Because of their relatively easy care and biological similarity with humans, mice are the most commonly used animal. They are typically exposed to UV radiation, chemicals, or viruses with the aim of producing carcinogenesis. Many genetically engineered mouse models have been developed through the inactivation of tumor suppressor genes and/or activation of oncogenes. Another approach is the xenograft model in which human cancer cell lines are injected or transplanted into immunodeficient mice [11].

Animal Models of Melanoma

Given its high mortality rate and spread, animal models of melanoma are the most numerous and diverse [5]. In this respect, different mouse models with an innate predisposition to develop melanoma have been created. For example, neonatal mice inappropriately expressing the hepatocyte growth/scatter factor in the skin develop melanoma following UV exposure, with genetic alterations and histopathological characteristics that are similar to the human condition [15]. Other transgenic mice examples include mice with melanocyte overexpression of B-RAFV600E or SV40 T-antigen (an inhibitor of p53), which lead to the development of spontaneous melanomas [10].

Mouse xenograft models are also used to study melanoma growth, spread, and therapeutic response. Metastatic tumors are induced by implanting human melanoma cells into the eyes of immunodeficient mice [5]. However, it has been shown that these xenografts do not faithfully mimic the microenvironment, the initial events of human melanoma, or the invasion of cells to the surrounding tissue [7].

Besides rodents, fish and mammals have been employed as well. In the Xiphophorus fish, melanoma develops after UVA and UVB radiation, affecting the same genes involved in human melanoma [5]. UV radiation is also used in Monodelphis domestica (a South American opossum) to induce melanoma. Given its mammal condition, it results better than the fish to study human diseases. However, unlike human disease, tumors arise from the dermis rather than the epidermis [5], suggesting that differences exist during melanoma development.

Animal Models of SCC

Animal models of SCC are mainly based on the induction of skin tumors in mice by means of chemicals and UV radiation. In the most commonly used method, mice are first treated with a carcinogen that produces mutations in skin cells. Then, a promoter agent is applied to provoke the growth of benign tumors (papillomas) from the mutagenized cells. Over time, such papillomas transform into malignant SCC with the capability of spreading to distant sites [16].

Another approach involves the use of hairless but immunocompetent mice, in which SCC induction is achieved by UV exposure. These SCC usually present p53 mutations, very similar to those seen in human SCC [16], and allow the testing of new therapeutic anti-photocarcinogenic drugs [17]. Nevertheless, even if hair absence is beneficial for UV light experiments, these mice have a non-functional hairless gene, which greatly contribute to skin metabolism and whose absence may influence the outcome of tumor development [16].

In some transgenic mouse models, oncogenes are activated in a subset of the skin cells to investigate tumor formation from a particular cell of origin.
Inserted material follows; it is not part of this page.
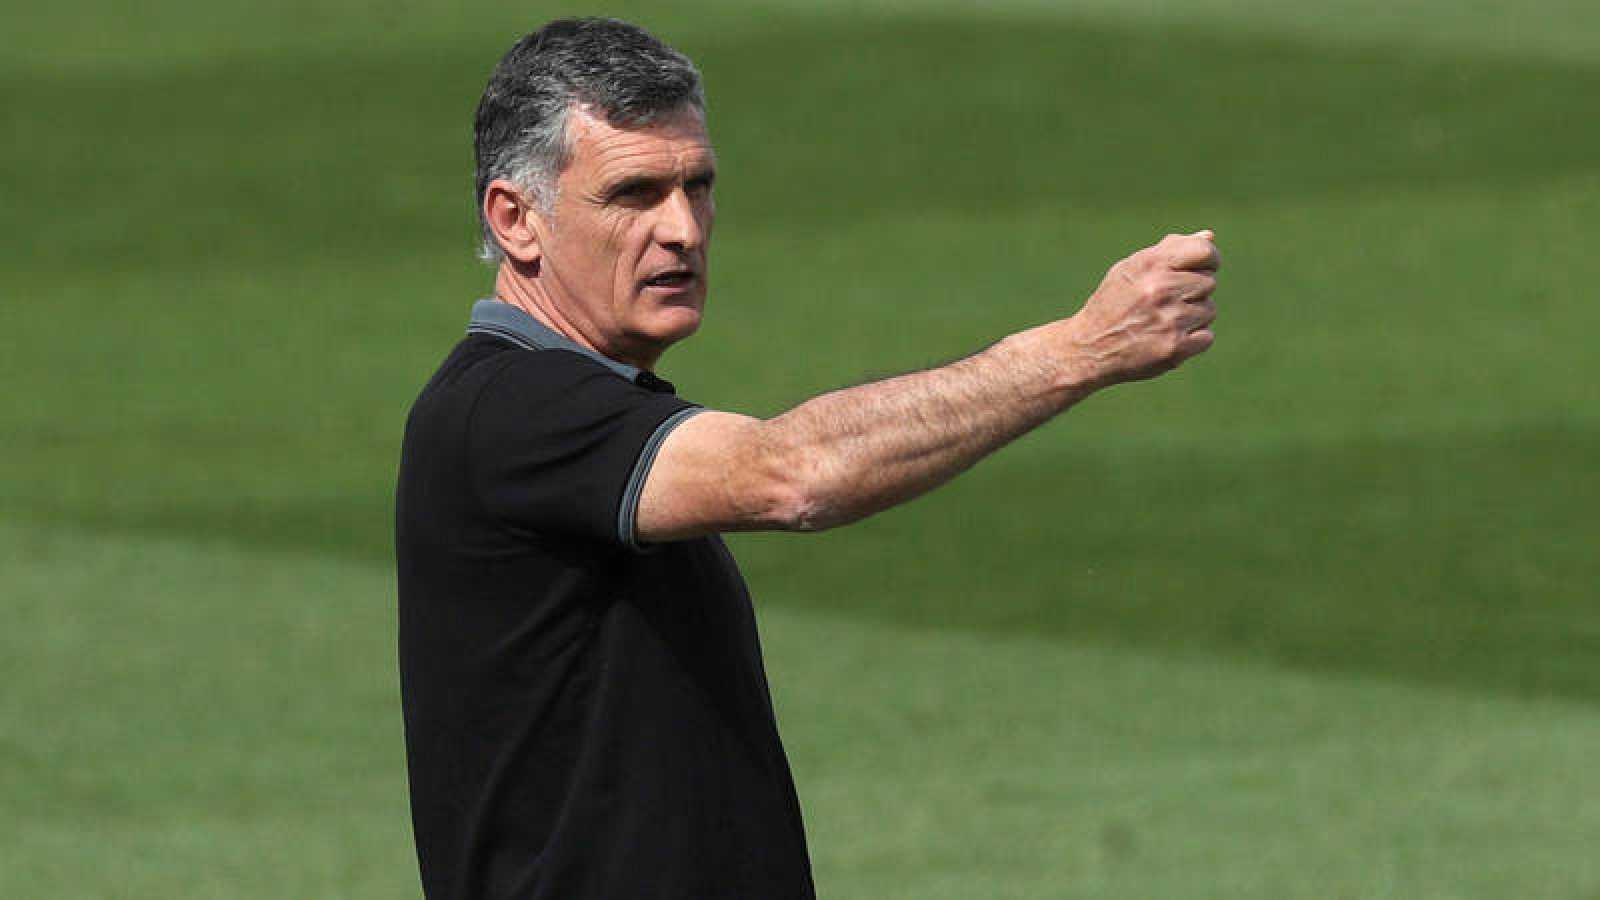 Liga : Mendilibar, nouvel entraîneur du Deportivo Alaves

For example, expression of mutant H-Ras in the outer root sheath of the hair follicle (where stem cells reside) leads to malignant SCC and spindle carcinomas. However, when H-Ras is targeted to terminally differentiated cells, only benign tumors (papillomas) arise [16].

Animal Models of BCC

Because murine UV-induced BCC do not mimic the human condition very well [10], the development of proper BCC mouse models has been difficult. For example, PTCH heterozygous knockout mice exposed to UV developed BCC-like tumors, which, however, did not recreate completely the different types of the human condition [18]. Despite this, promising results have been achieved when activating other components of the Hh signaling pathway: the first animal model of this kind presented BCC after 4 days of embryonic skin development [19], which were indistinguishable from human tumors. Subsequent studies demonstrated that these types of tumors also arose after the overexpression of mutant SMO [20], and the transcription factors Gli1 and Gli2 [21, 22]. Likewise, other genetic modifications like epidermal Notch1 knockout have led to mice with increased susceptibility to tumor growth that in turn developed BCC-like tumors when subjected to the carcinogen/promoter protocol [23].

As previously mentioned, an alternative method is based on tumor xenografts. However, there have only been a few reproducible xenograft implantations of human BCC in animals [24], since numerous attempts of transplanted human BCC failed to form lesions that closely resembled their human counterpart [24]. For example, when Carlson et al. transplanted 14 BCC tumors into 18 SCID-beige mice (T, B, and natural killer cells deficient), only 3 generated anaplastic tumors [25].

Ideally, a good animal model of cancer should share features with the human disease on various levels [5]. While important progress has been made with various animal models, important limitations need to be considered: (1) the ethical problems raised by the use of laboratory animals; (2) the differences found between the human and animal skin, which makes it difficult to extrapolate the results [1, 10]; and (3) the influence of the mice background on the tumor outcome. Some strains of laboratory mice are known to be tumor-resistant, whereas others are skin tumor-susceptible [16]. Moreover, immune responses of transgenic mice affect tumor growth and the ability of viral vectors to infect cells [24]. The problem with the lack of models that accurately predict human responses is that they may delay the assessment of new treatments against skin tumors.

Are Ex Vivo Models a Suitable Alternative?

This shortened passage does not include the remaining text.